Anthropic, NVIDIA Move AI Agents Much Deeper into Scientific Workflows
- By John K. Waters
- 07/01/26
Anthropic has presented Claude Science, a new AI workbench for researchers that integrates research tools, produces auditable artifacts, and connects to specialized life sciences designs and workflows from NVIDIA.
The beta release, revealed June 30, provides Claude Pro, Max, Group, and Enterprise users access to an application created to help researchers work throughout literature evaluation, information analysis, figure generation, manuscript improvement, and computational workflows. Anthropic said Claude Science is available on macOS and Linux, and can run locally, on remote machines over SSH, or through a high-performance computing login node.
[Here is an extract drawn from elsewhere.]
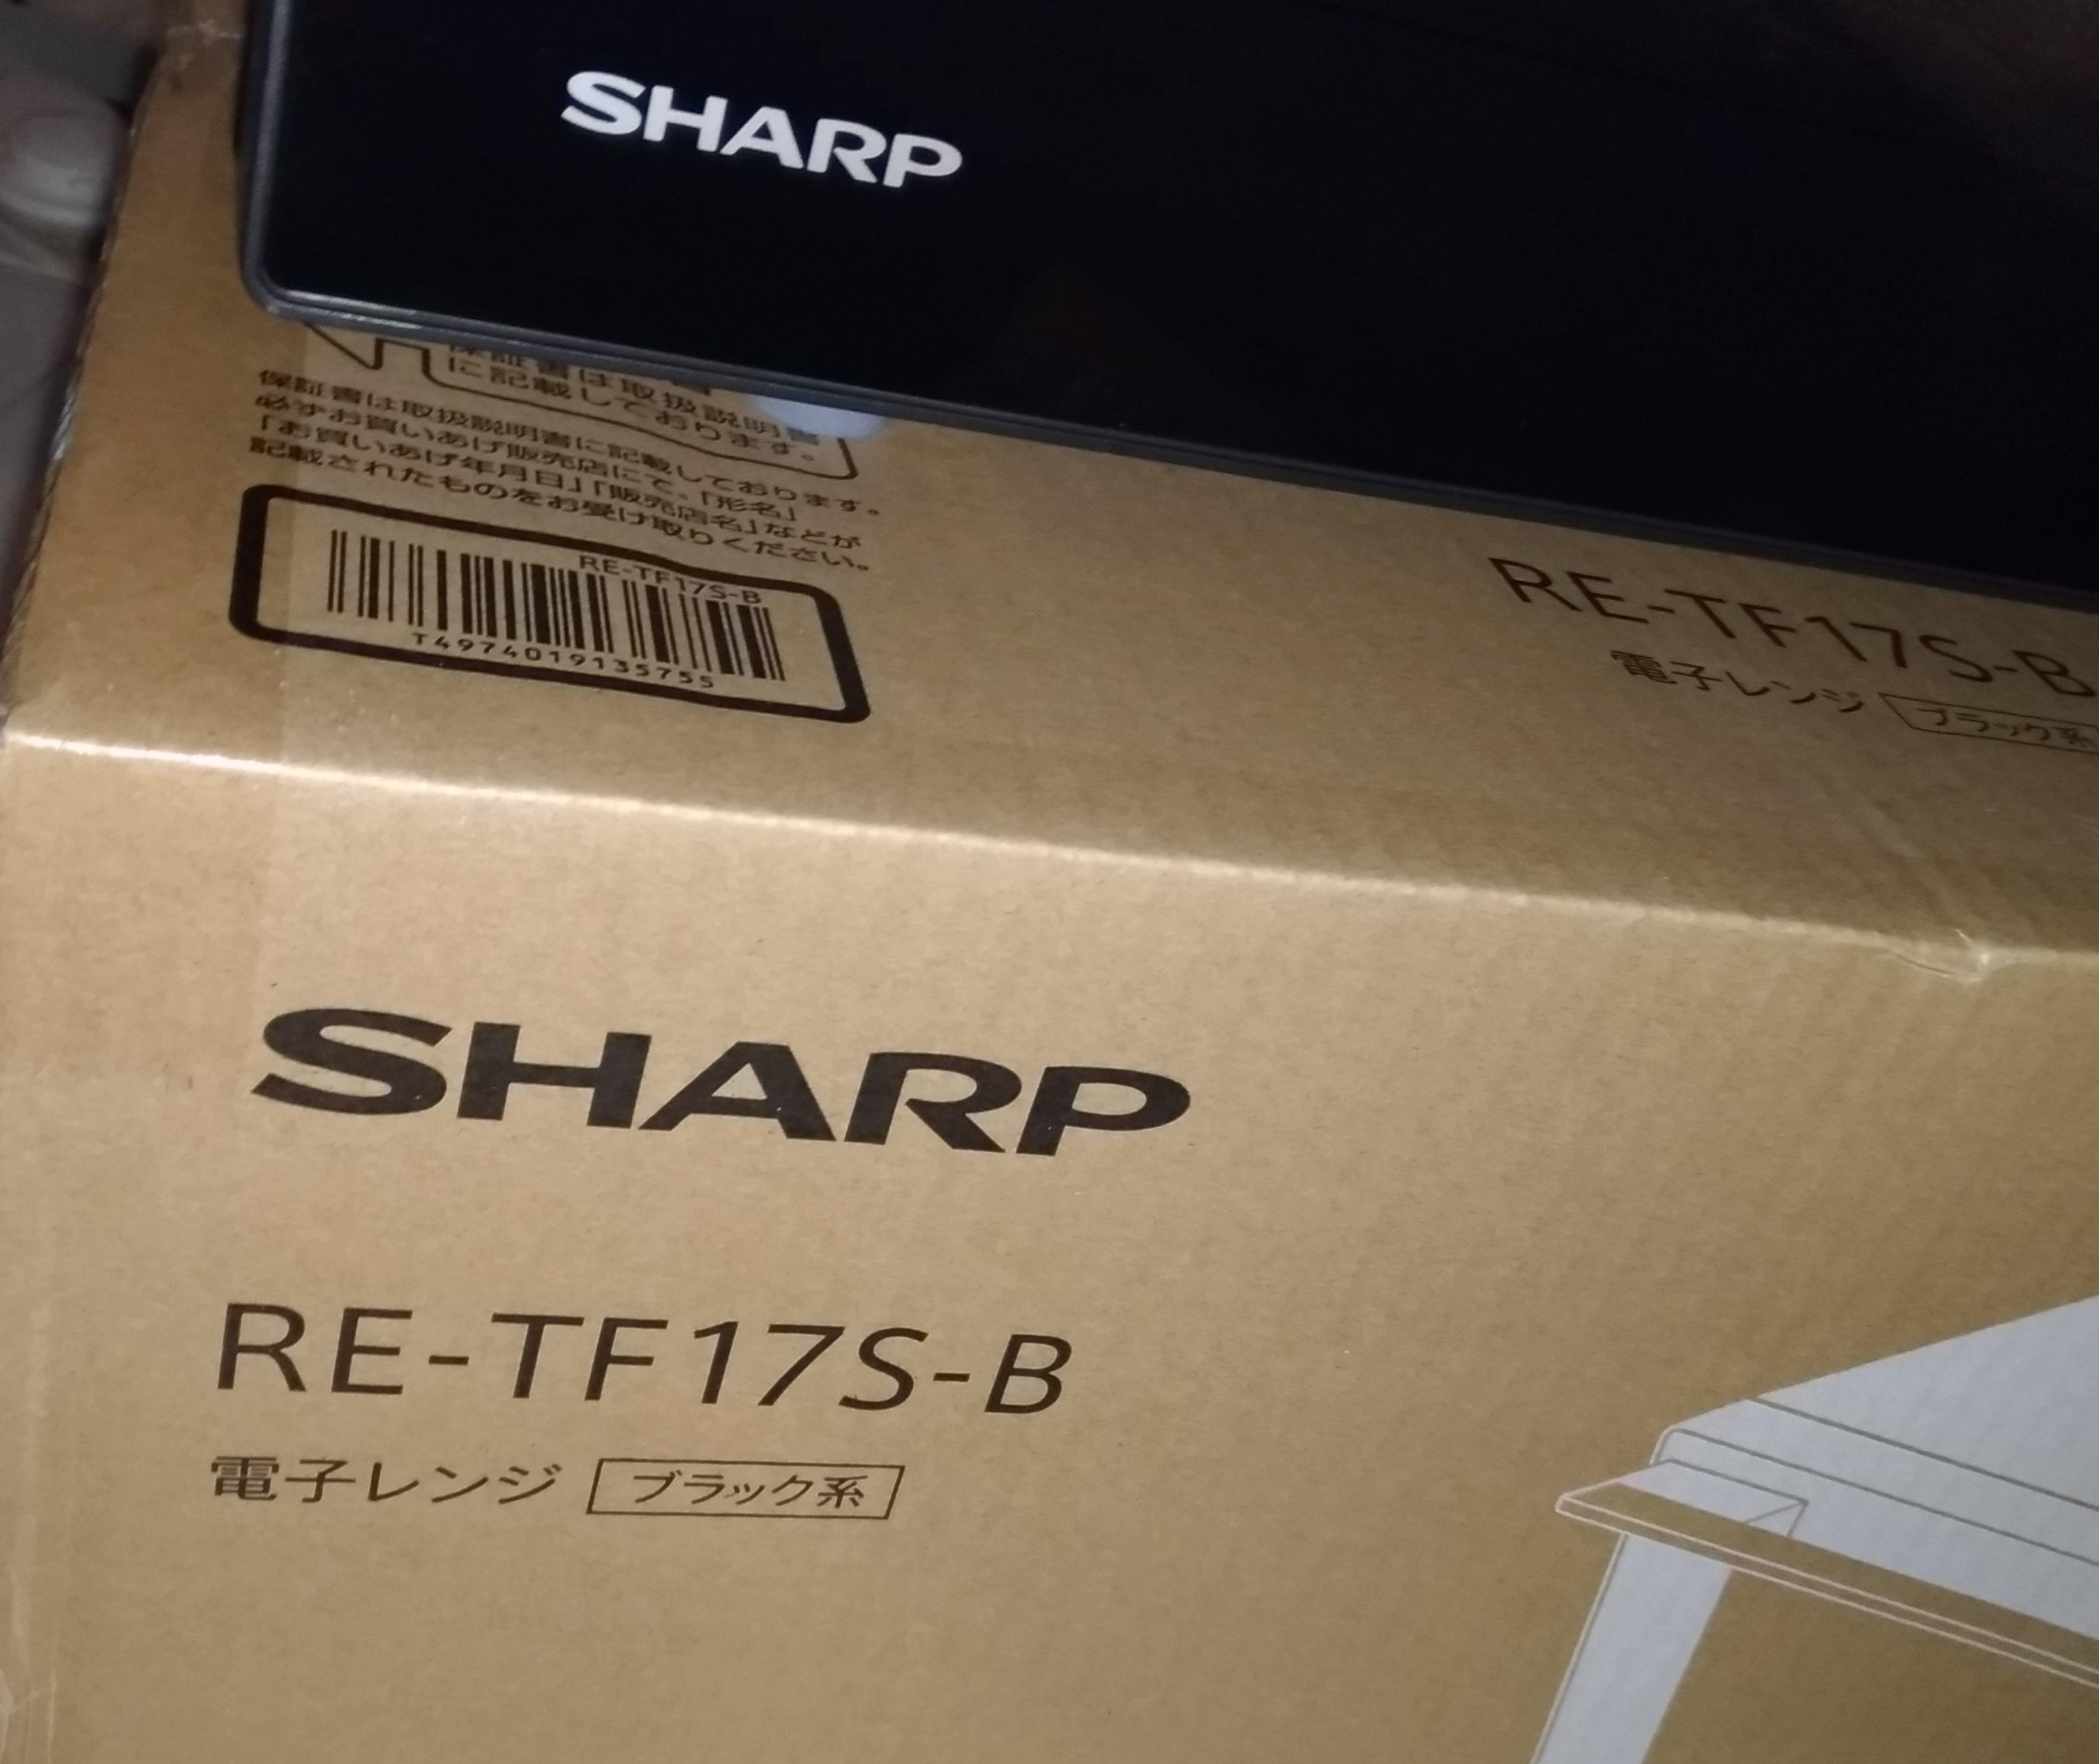 sharp_microwave_oven_2020_hitori_4.jpg

The launch belongs to a wider push by AI companies to turn general-purpose assistants into domain-specific workbenches for professional users. In life sciences, that means moving beyond chat-based summarization towards representatives that can query databases, compose and run code, examine outputs, maintain research study history, and connect to scientific tools already utilized by labs.
Anthropic said Claude Science brings fragmented scientific tools into a single research environment. The app can work with tools such as PubMed, Jupyter, R, cluster terminals, and domain-specific scientific databases, while protecting an auditable history of how outputs were produced.
Users communicate with a generalist collaborating representative that has access to more than 60 curated abilities and ports set up for genomics, single-cell analysis, proteomics, structural biology, cheminformatics, and other research study locations. The system can also utilize expert agents developed by users, and consists of a reviewer agent that inspects citations and calculations, flagging and correcting mistakes, according to Anthropic.
A main claim in the launch is reproducibility. When Claude Science creates a figure, it consists of the code and environment utilized to develop it, a plain-language description of the procedure, and the message history leading up to the output. The company stated that history is intended to make results much easier to verify and replicate later on.
That focus is likely to matter for researchers and enterprise AI purchasers. Scientific AI tools might be evaluated less by whether they can produce possible responses and more by whether their work can be traced, challenged, repeated, and integrated into recognized review processes.
NVIDIA’s function comes through its BioNeMo Representative Toolkit, which the chipmaker revealed June 23. Anthropic said Claude Science utilizes BioNeMo Agent Toolkit skills to connect to life sciences designs and libraries in BioNeMo, including Evo 2, Boltz-2, and OpenFold3.
NVIDIA describes BioNeMo Representative Toolkit as a set of domain-specific tools and skills for agentic life sciences workflows. The toolkit includes NVIDIA life sciences libraries, tools, and open models, and is created to help representatives collect proof, reason throughout findings, run computational experiments, and advise next steps.